Yesterday I worked on a little data science project reanalyzing the data that made Dr. Ignaz Semmelweis discover the importance of hand-washing. But let’s get back to history for a while. In the early 1840s at the Vienna General Hospital as many as 10% of the women giving birth died from childbed fever. He knew the cause of childbed fever: It’s the contaminated hands of the doctors delivering the babies. And they wouldn’t listen to him and wash their hands!
The table below shows the number of women giving birth at the two clinics at the Vienna General Hospital for the years 1841 to 1846. You’ll notice that giving birth was very dangerous; an alarming number of women died as the result of childbirth, most of them from childbed fever.
We see this more clearly if we look at the proportion of deaths out of the number of women giving birth at Clinic 1.
If we now plot the proportion of deaths at both clinic 1 and clinic 2 we’ll see a curious pattern… and huge problem
Why is the proportion of deaths constantly so much higher in Clinic 1? Semmelweis saw the same pattern and was puzzled and distressed. The only difference between the clinics was that many medical students served at Clinic 1, while mostly midwife students served at Clinic 2. While the midwives only tended to the women giving birth, the medical students also spent time in the autopsy rooms examining corpses.
Semmelweis started to suspect that something on the corpses, spread from the hands of the medical students, caused childbed fever. So in a desperate attempt to stop the high mortality rates, he decreed: Wash your hands! This was an unorthodox and controversial request, nobody in Vienna knew about bacteria at this point in time.
Starting from the summer of 1847 the proportion of deaths is drastically reduced and, yes, this was when Semmelweis made handwashing obligatory.
The effect of handwashing is made even more clear if we highlight this in the graph.
It reduced the proportion of deaths by around 8 percentage points! From 10% on average to just 2% (which is still a high number by modern standards).
All in all, it would seem that Semmelweis had solid evidence that handwashing was a simple but highly effective procedure that could save many lives.

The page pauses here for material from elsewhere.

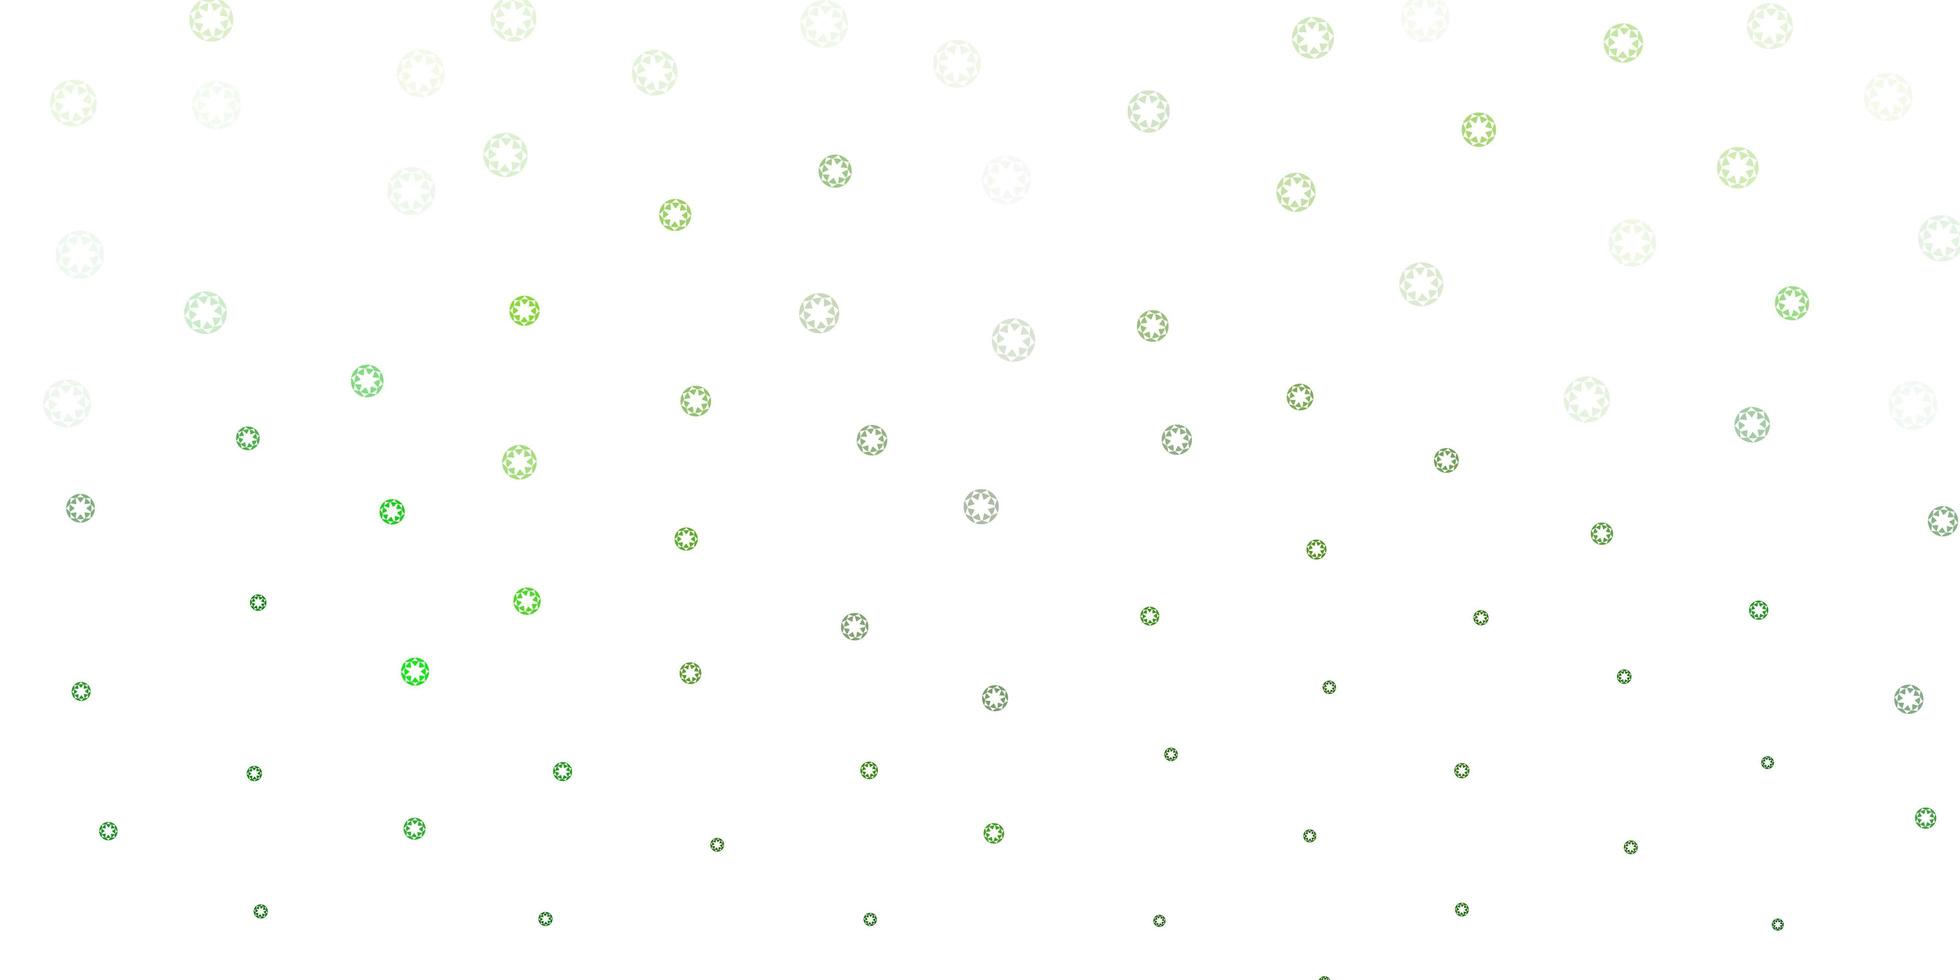 layout vettoriale verde chiaro con forme circolari.
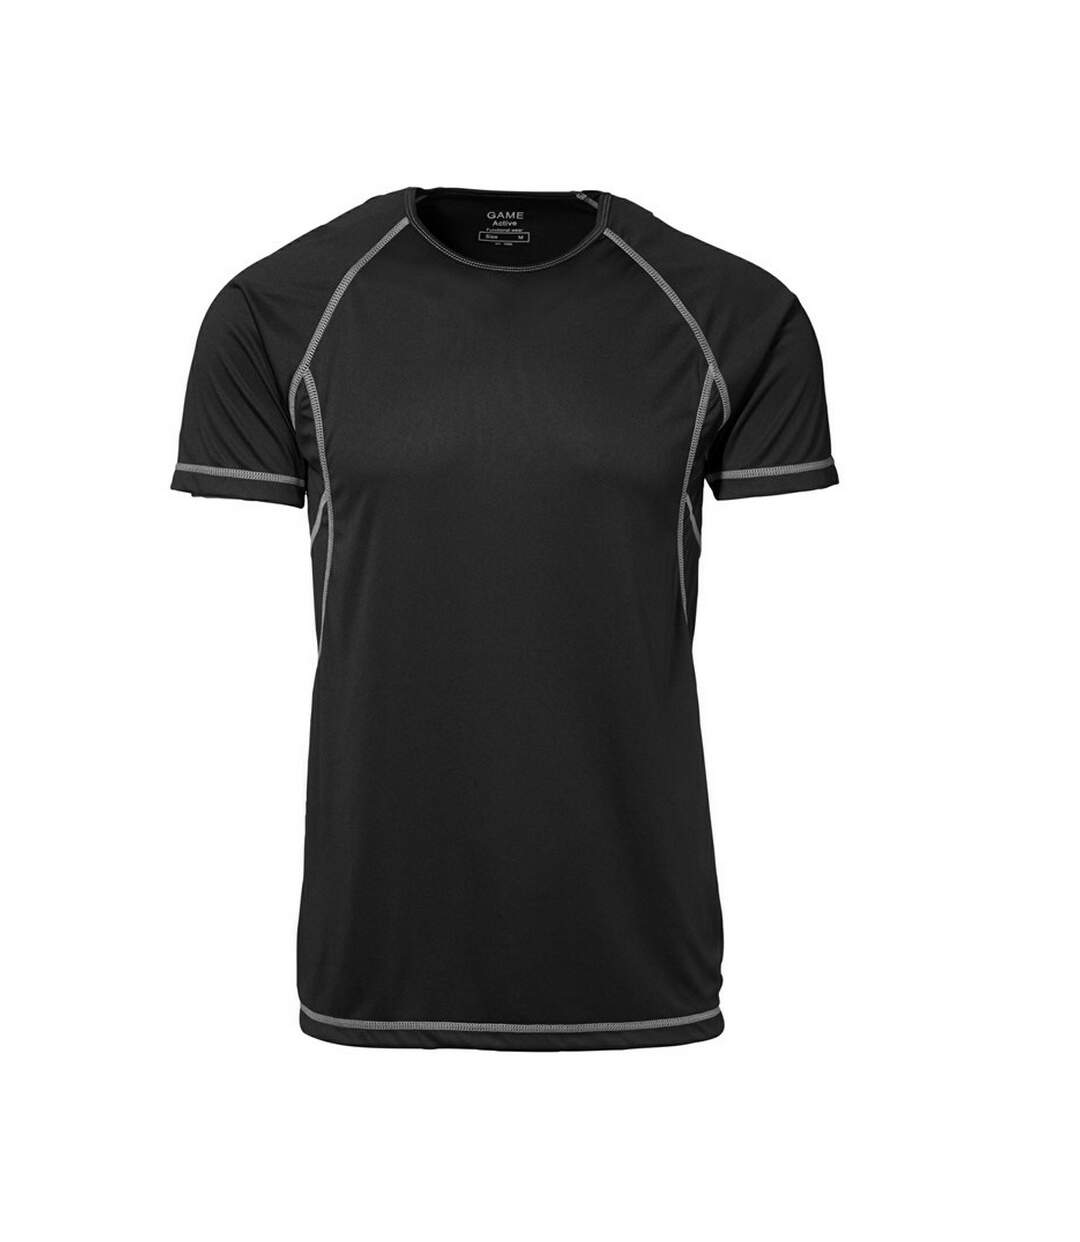 ID Game - T-shirt sport à manches courtes (coupe ajustée) - Homme (Noir) - UTID118

The tragedy is that, despite the evidence, Semmelweis’ theory — that childbed fever was caused by some “substance” (what we today know as bacteria) from autopsy room corpses — was ridiculed by contemporary scientists. The medical community largely rejected his discovery and in 1849 he was forced to leave the Vienna General Hospital for good.
One reason for this was that statistics and statistical arguments were uncommon in medical science in the 1800s. Semmelweis only published his data as long tables of raw data, but he didn’t show any graphs nor confidence intervals. If he would have had access to the analysis like one’s above he might have been more successful in getting the Viennese doctors to wash their hands. That’s the power of statistics in action.